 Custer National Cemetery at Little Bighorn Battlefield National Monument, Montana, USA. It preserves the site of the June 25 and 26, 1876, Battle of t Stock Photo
⁂
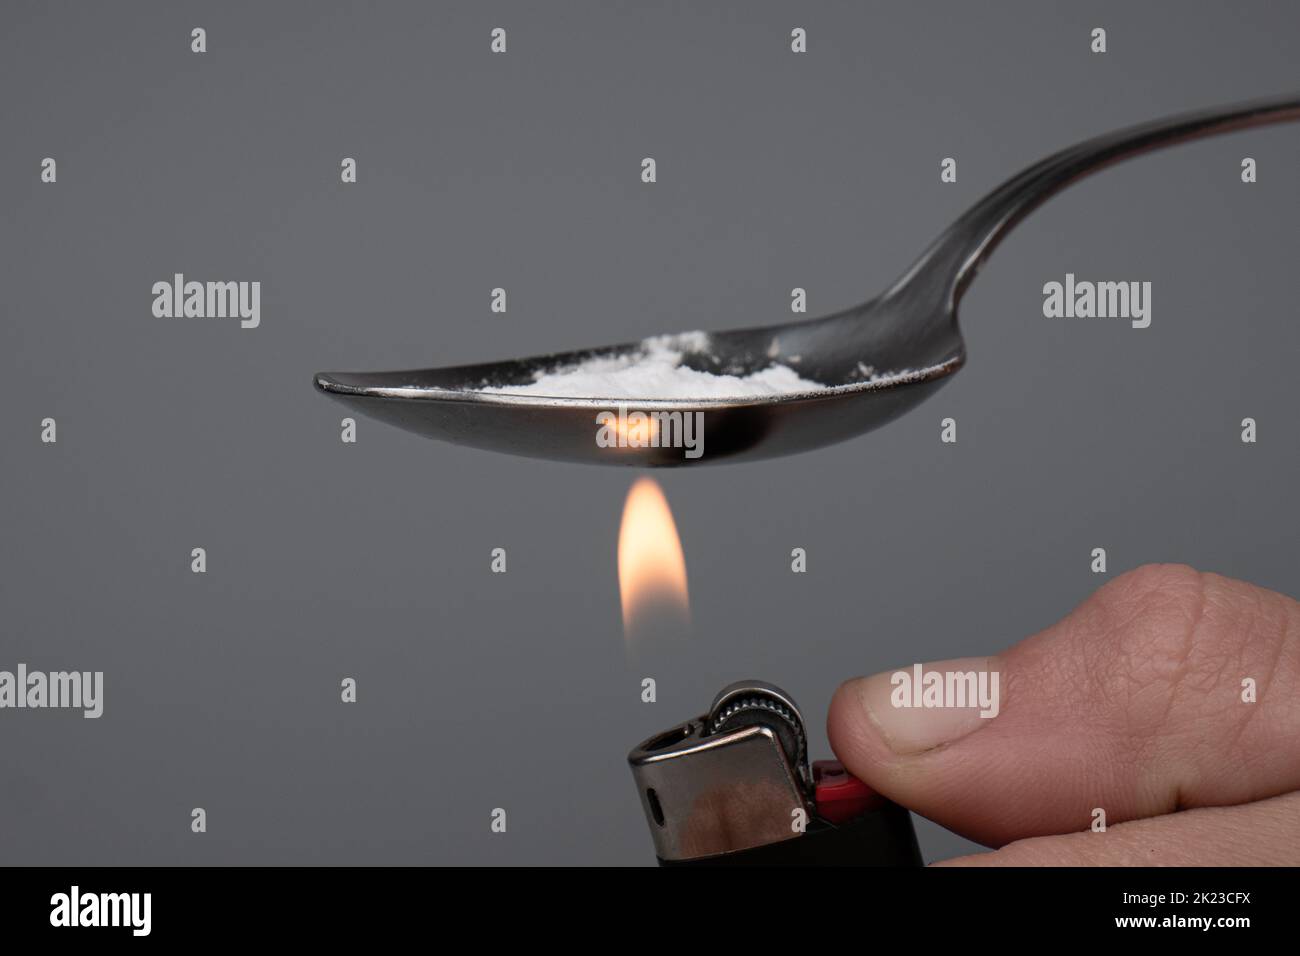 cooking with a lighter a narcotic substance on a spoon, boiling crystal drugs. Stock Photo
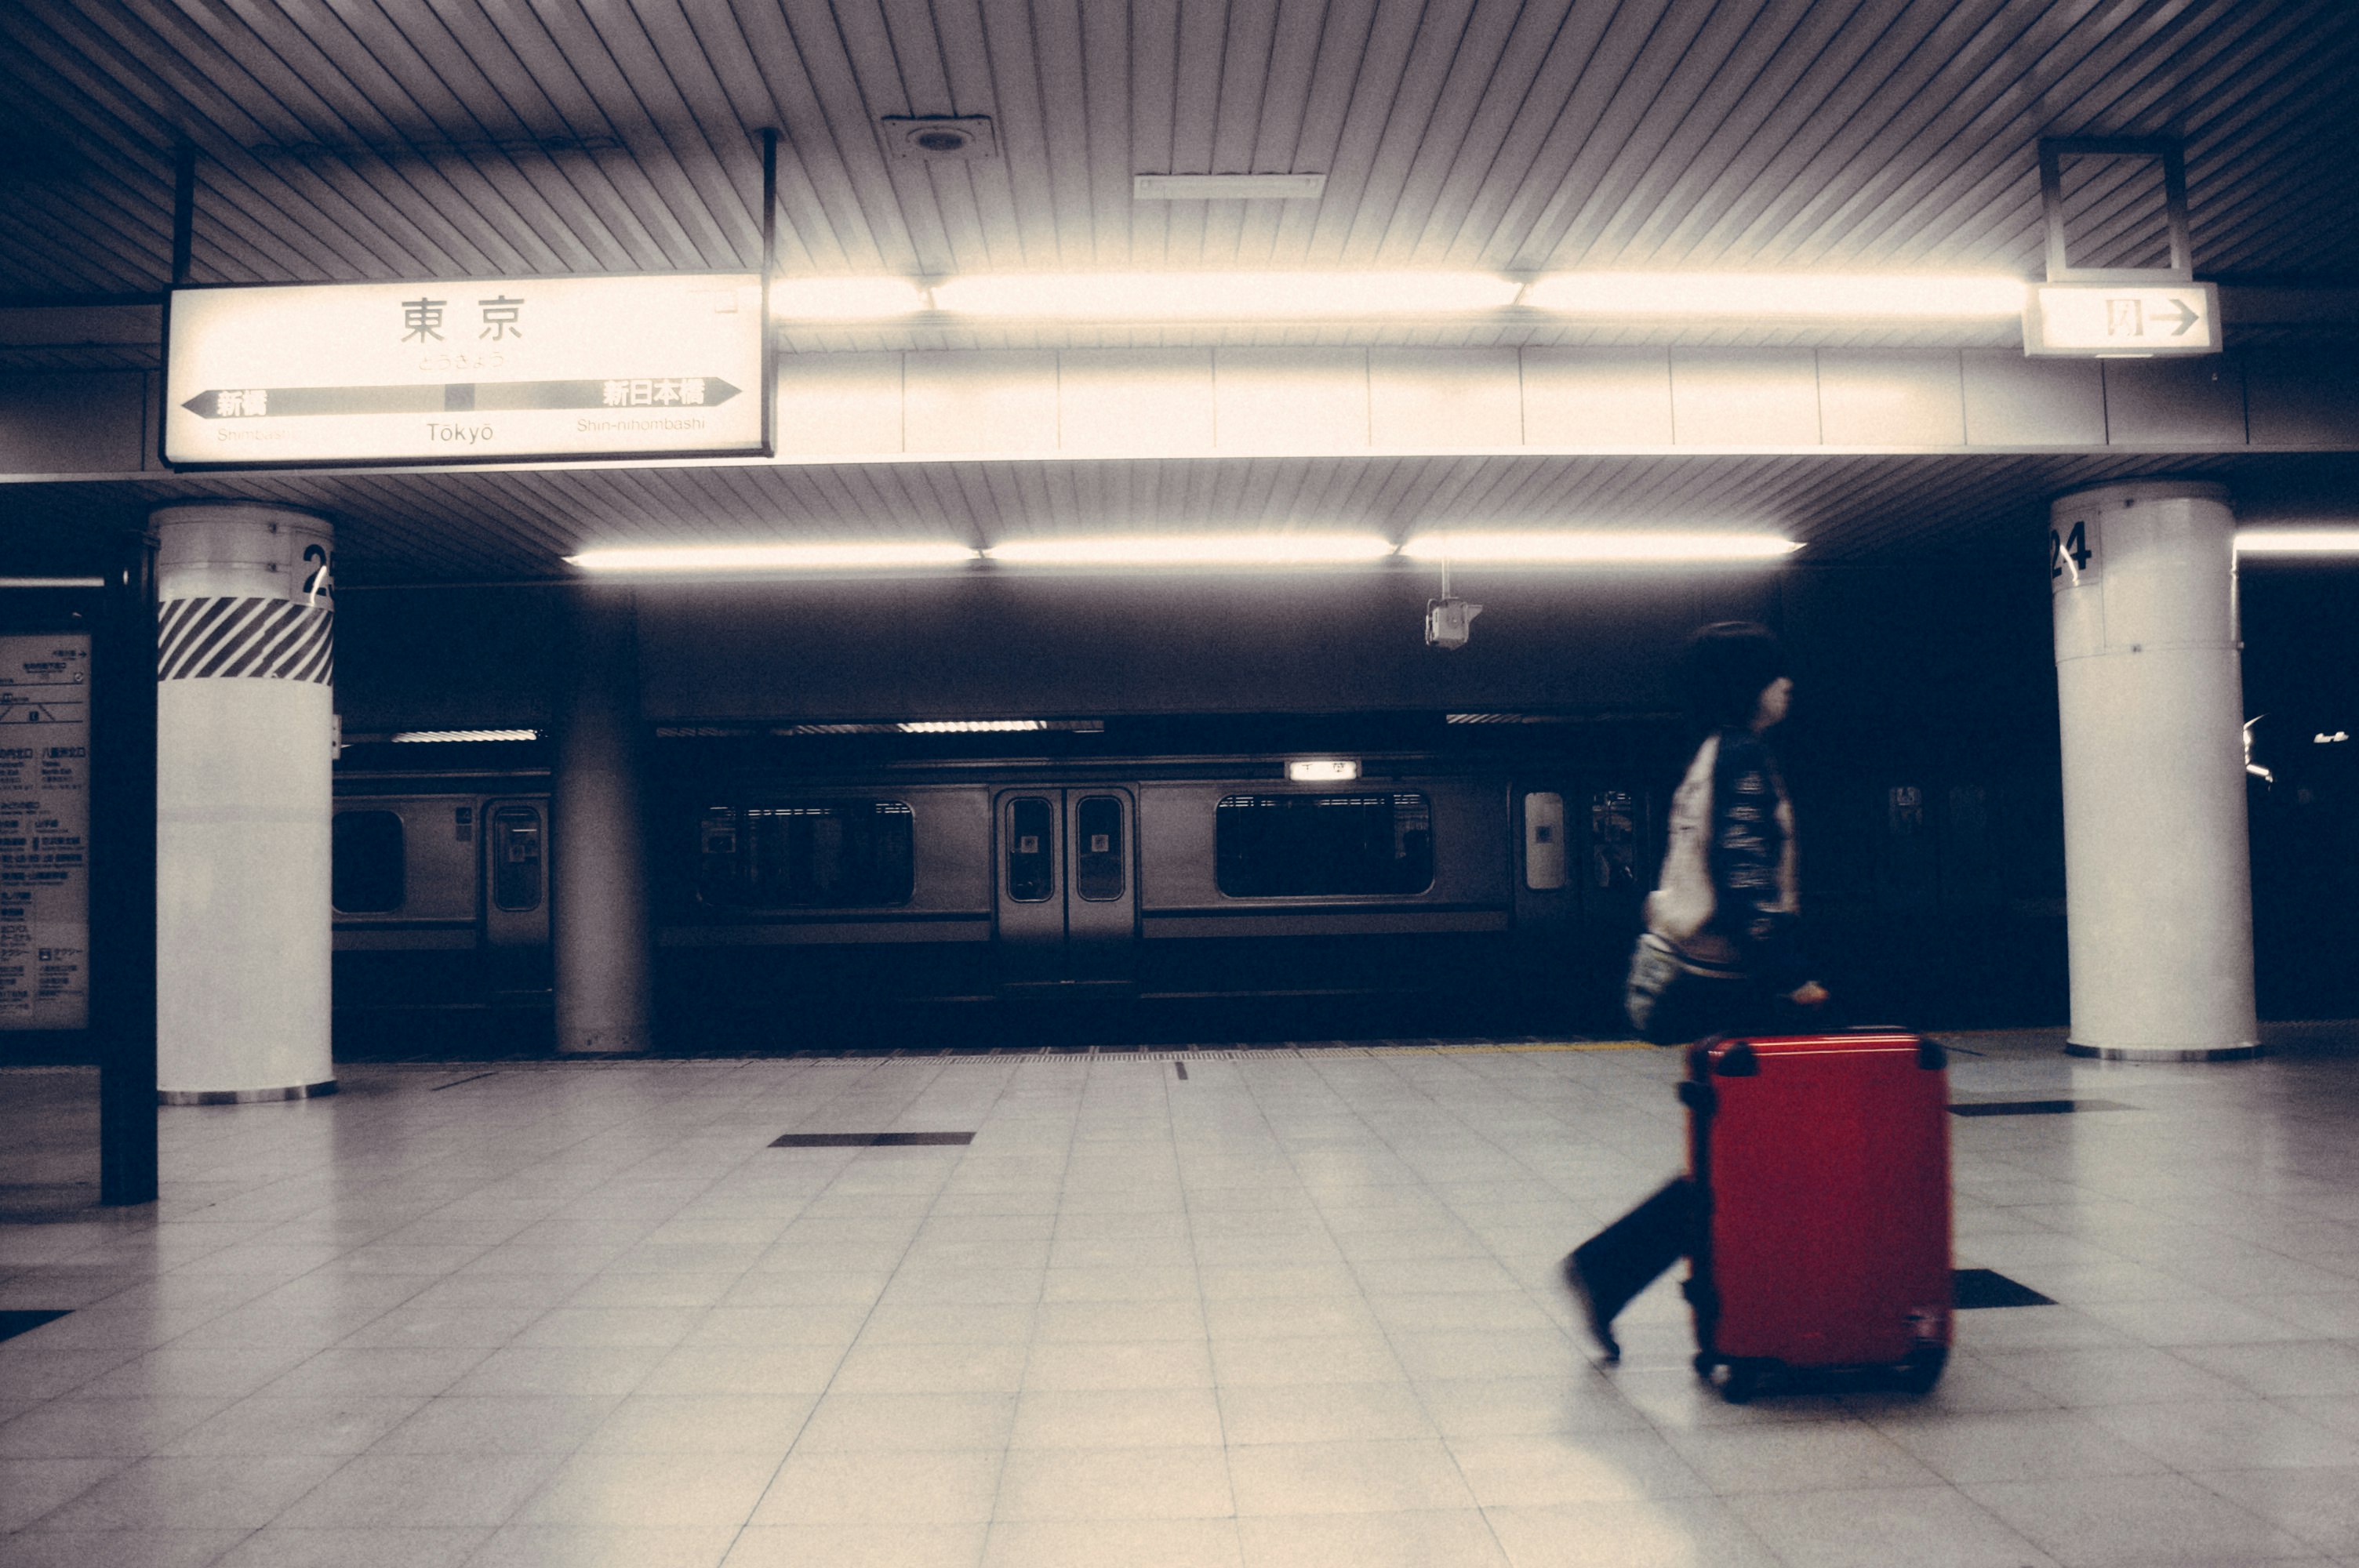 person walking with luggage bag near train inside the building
⁂
§ EXERCISE
Quote the data above exactly from the line with "cooking with a" to the line with "person walking with", both ends counted, and nothing else. Pictures don't go in.

§ WRITTEN REPLY
 cooking with a lighter a narcotic substance on a spoon, boiling crystal drugs. Stock Photo
 person walking with luggage bag near train inside the building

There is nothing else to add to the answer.